Le grand fabuliste Jean de La Fontaine utilisait souvent les animaux pour enseigner des leçons de vie aux enfants. Chaque animal, soigneusement sélectionné en fonction de ses qualités supposées, était ensuite mis au service d'un poème relatant une histoire qui contenait une morale. Attribuant à chaque protagoniste animal une personnalité aux défauts bien humains, les faisant interagir par la parole, les Fables de La Fontaine sont, en quelques sortes, les ancêtres de beaucoup de films animaliers pour enfants. Quoi de plus attachant qu'une boule de poil qui parle? Malheureusement, les idées véhiculées dans ces films n'ont plus grand chose à voir avec les histoires illustrées de l'écrivain...

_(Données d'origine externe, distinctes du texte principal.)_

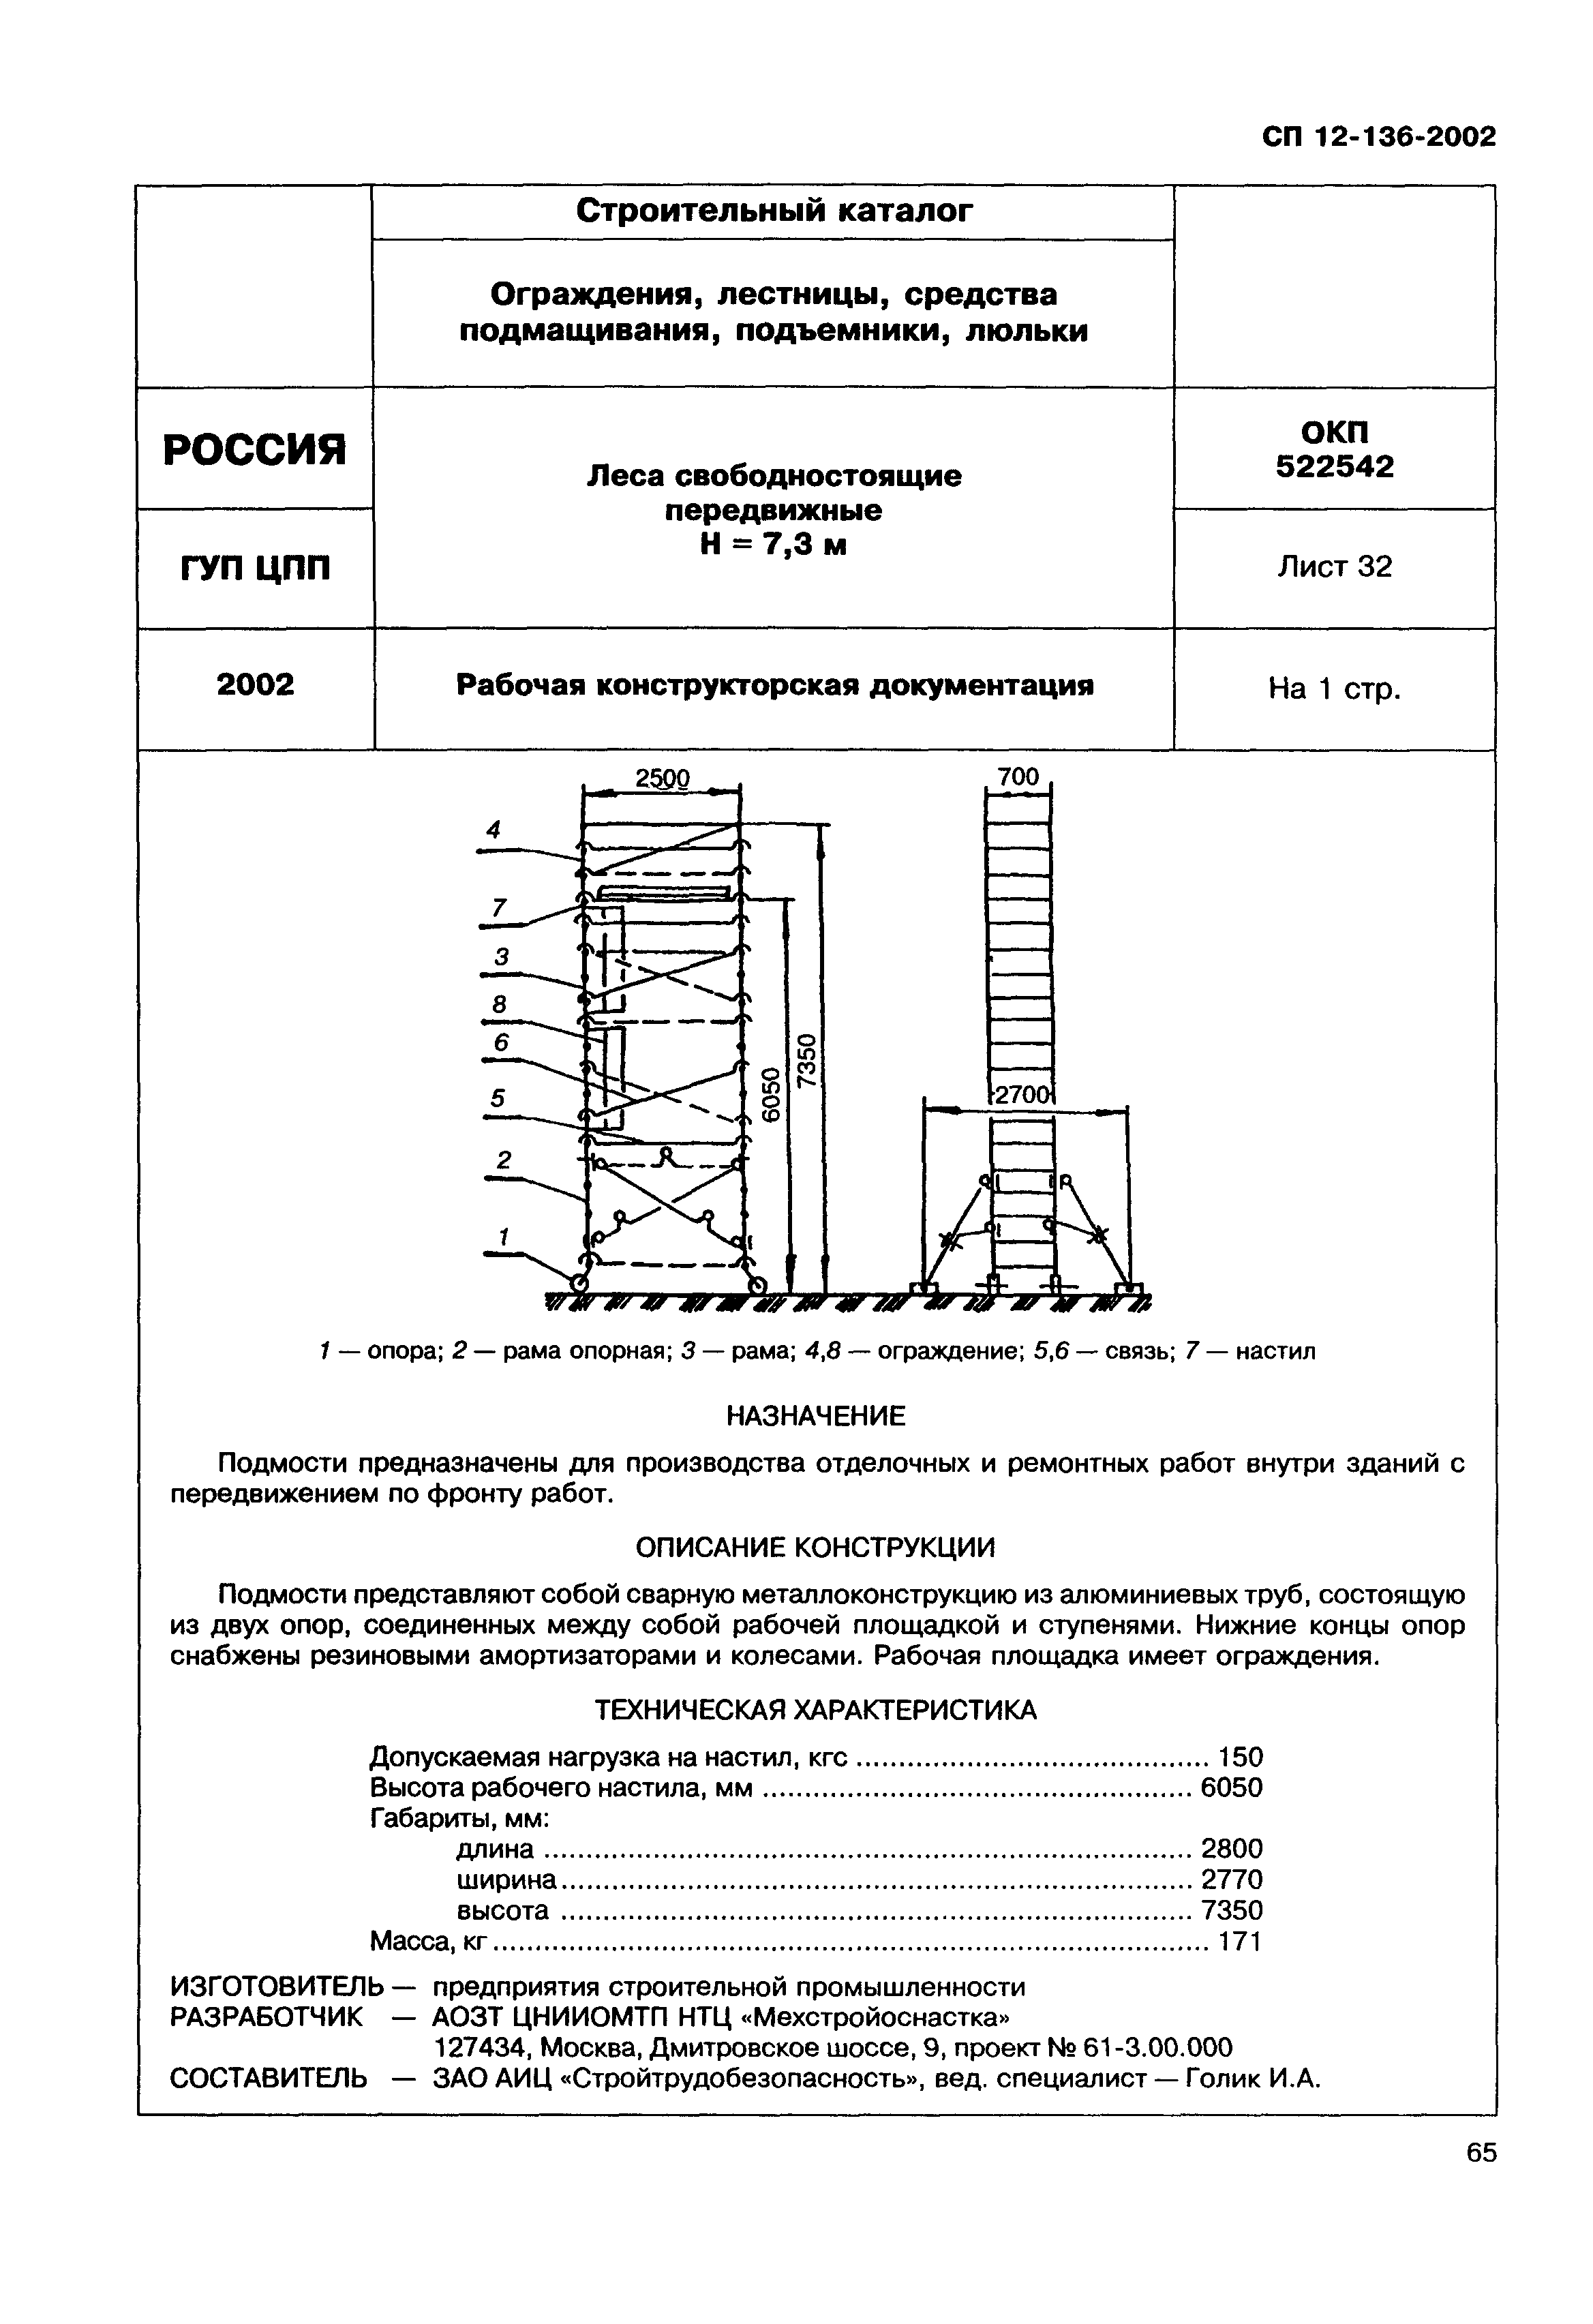 Справочное пособие к СП 12-136-2002

Peut-être parce qu'ils sont désormais plus souvent soumis à la télévision poubelle qu'aux livres, les enfants d'aujourd'hui n'ont, semble-t-il, plus l'occasion d'apprendre, par les outils culturels, de quoi le monde est fait et quelles sont les valeurs morales de leur société (quoi que l'on peut se demander si la société du prêt-à-jeter n'en a pas profité pour jeter du même coup ses valeurs morales par la fenêtre, auquel cas, il n'y aurait effectivement rien à apprendre... mais c'est un autre débat). Les animaux parlants sont toujours à la mode cependant et vendredi, un nouveau film insipide est venu s'ajouter à la liste. Zookeeper, un film qui ignore le public auquel il s'adresse, utilise des lions parlants pour montrer à une génération d'enfants, comment séduire un partenaire du sexe opposé... Malaise.

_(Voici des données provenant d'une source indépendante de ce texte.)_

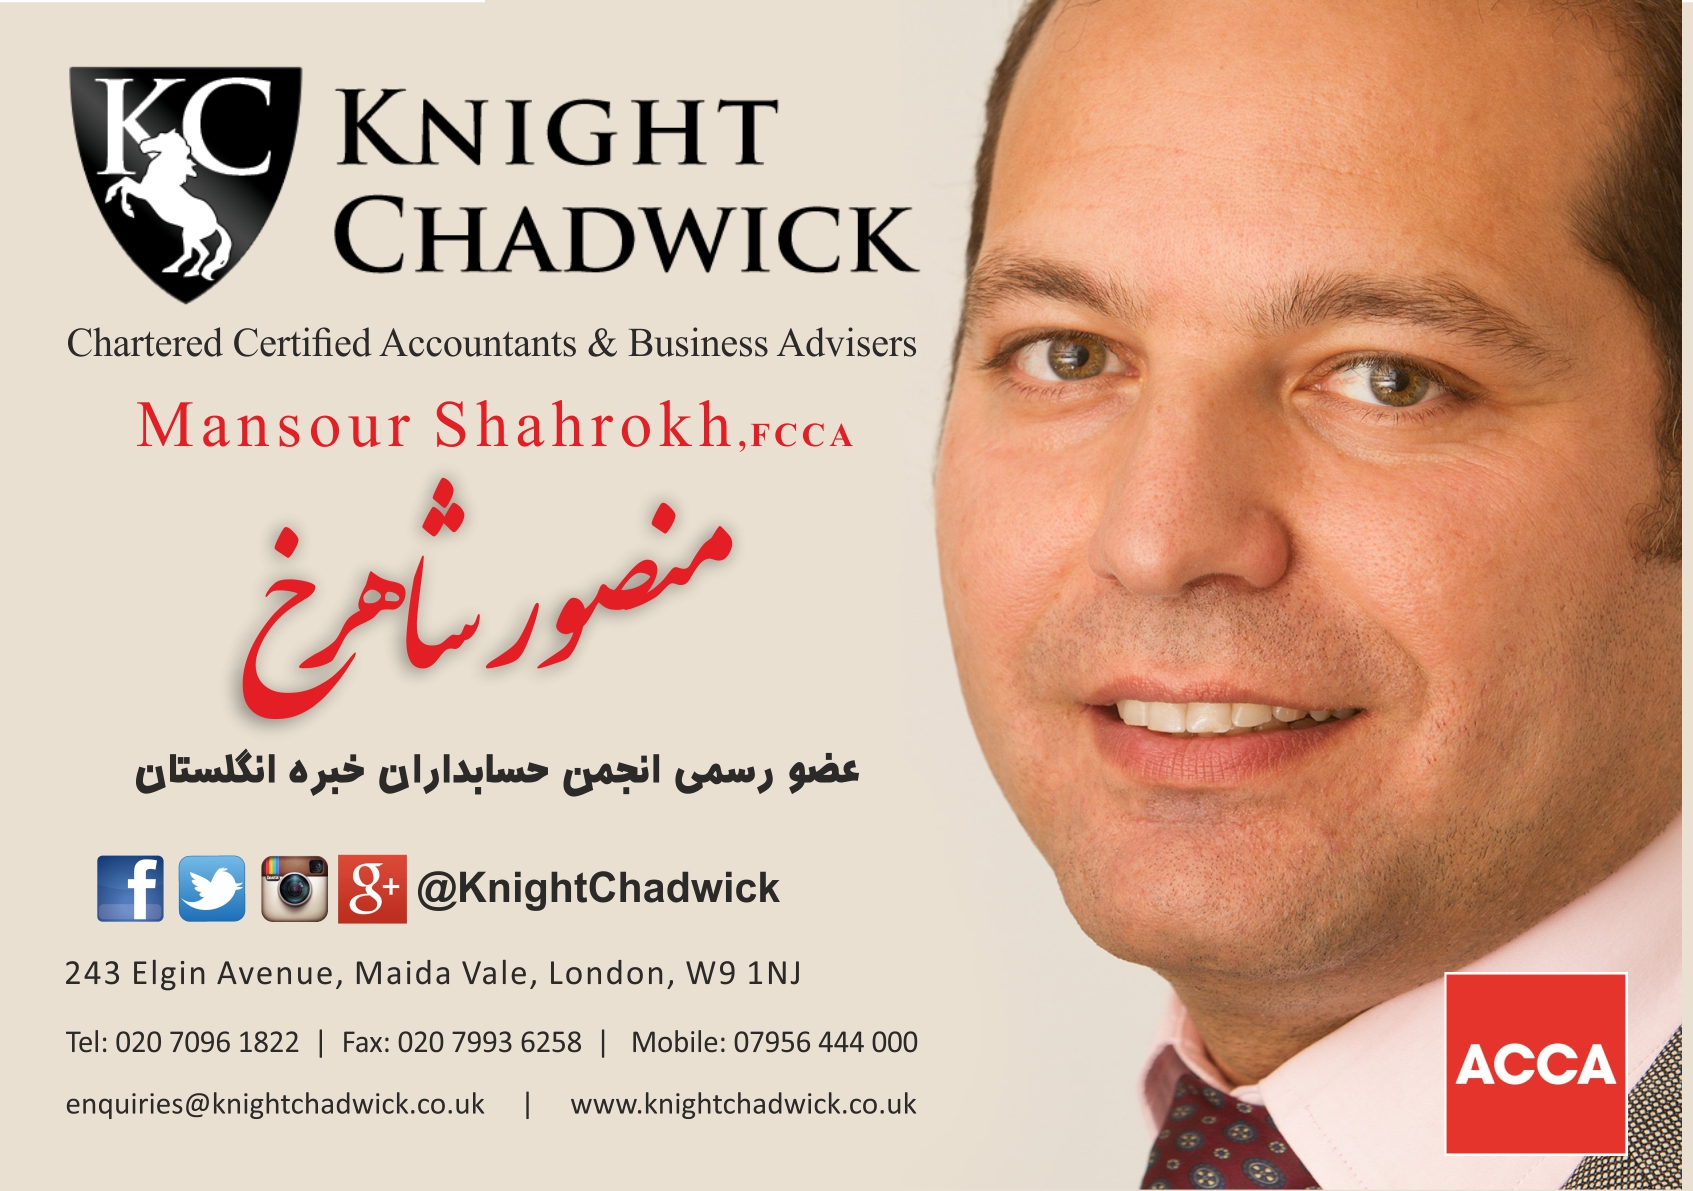 Knight Chadwick

Dans la même lignée, l'an dernier, Marmaduke nous racontait l'histoire d'un chien qui, fraîchement déménagé avec sa famille dans le superficiel comté d'Orange en Californie, a de la difficulté à trouver sa place. À la manière d'un film pour ado, le « p'tit nouveau » réussira à séduire la fille (chienne) et à devenir le roi du bal (parc). C'est à se demander comment les « créateurs » d'un tel film ont pu croire que l'utilisation d'animaux parlants aurait pu suffire à renouveler une histoire aussi usée... D'autant plus que le public interpellé par la prémisse, le groupe d'âge situé entre onze et seize ans, n'en a plus rien à faire des boules de poils parlantes. Cela peut également expliquer le cuisant échec subi par le film au box-office (à peine 84 millions $ à l'échelle planétaire).